— Именно так всё и было, — подытоживает Никитос.
— Вот паразит! Ничего в жизни самостоятельно не добился! Вечно на подсосе.
— Говорят, он хорошо учился. Окончил университет с красным дипломом за четыре года вместо пяти.
— Ну ещё бы! Папа — декан! — восклицаю я. — Если бы я была дочкой декана, я бы тоже что-нибудь окончила с красным дипломом. Ладно, с Настей и Владом понятно — она его любит, а он женился из корыстных соображений. А по этой Васе что-то накопал?
— Ой, да по ней и копать не надо, человек не вылезает из интернета. Вот глянь-ка.
Никитос разворачивает ко мне ноутбук. На экране — личная страничка Василисы Чернецовой. Там вся информация от детского садика до вчерашнего похода в суши-бар. Тысячи фотографий. Полная история жизни, тщательно описанная, задокументированная и выложенная на всеобщее обозрение.
— Тут почти везде Влад, — сообщает Никитос, хотя я и сама вижу, что на большинстве фоток мелькает знакомый блондин. — Я уверен, что между ними что-то было.

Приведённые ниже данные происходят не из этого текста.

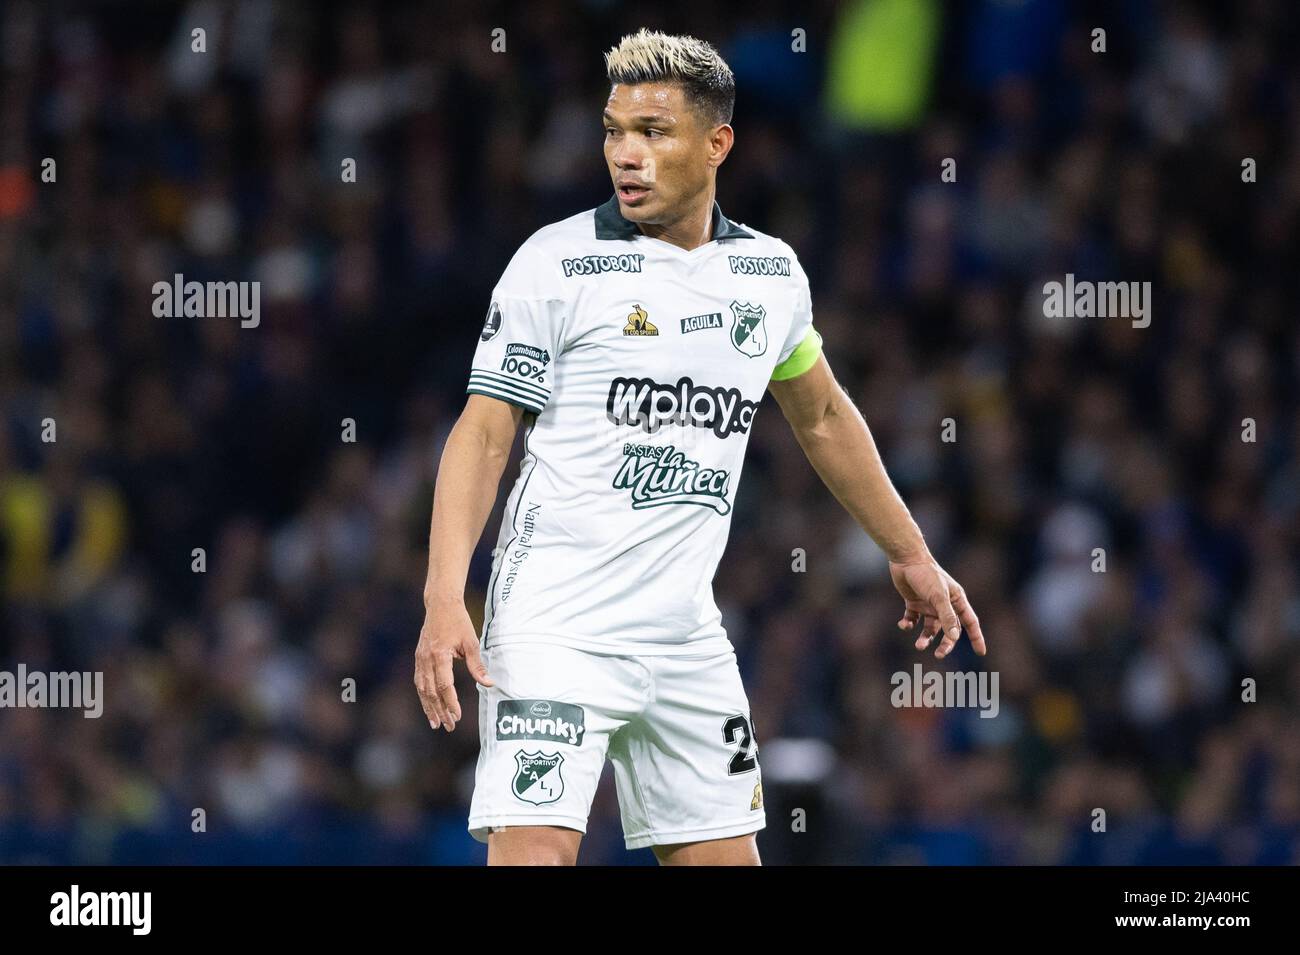 Buenos Aires, Argentina. 26th May, 2022. Teofilo Gutierrez of Deportivo Cali looks on during the Copa CONMEBOL Libertadores 2022 match between Boca Juniors and Deportivo Cali at Estadio Alberto J. Armando.(Final score; Boca Juniors 1:0 Deportivo Cali) Credit: SOPA Images Limited/Alamy Live News Stock Photo
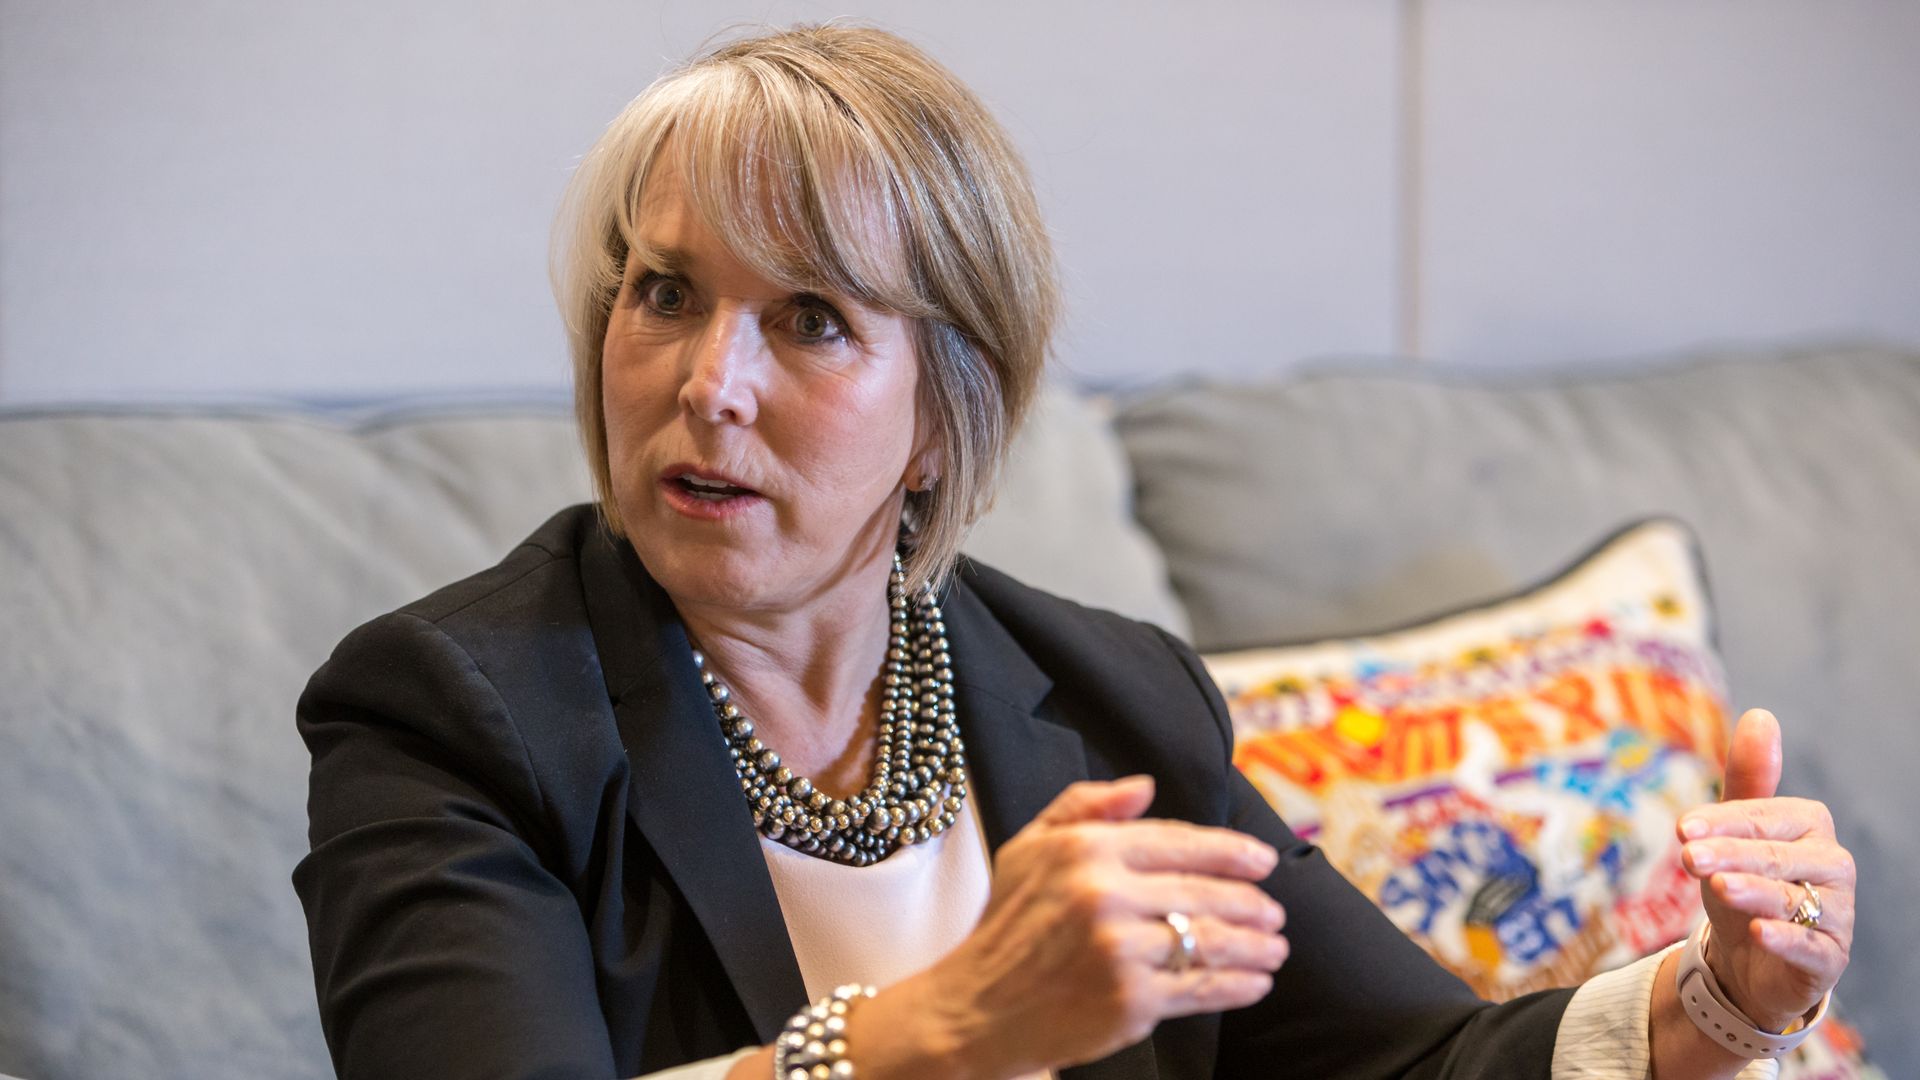 Michelle Lujan Grisham, governor of New Mexico, speaks during an interview at her office in Santa Fe, N.M.

— Почему? Нашёл компромат?
— Интуиция.
Я быстро листаю хронику чужой жизни, задерживаясь на некоторых фотографиях: Вася обнимает Влада за шею, Вася целует Влада в щёчку, Вася прижимает к груди букет роз. Подпись: «Цветы от самого прекрасного в мире мужчины» и три красных сердечка. Дата — восьмое марта. Снято в офисе, судя по интерьеру и тортику на рабочем столе. Начальник подарил сотруднице дежурный праздничный букет, а она представляет это как романтический жест. «От самого прекрасного в мире мужчины». Тьфу.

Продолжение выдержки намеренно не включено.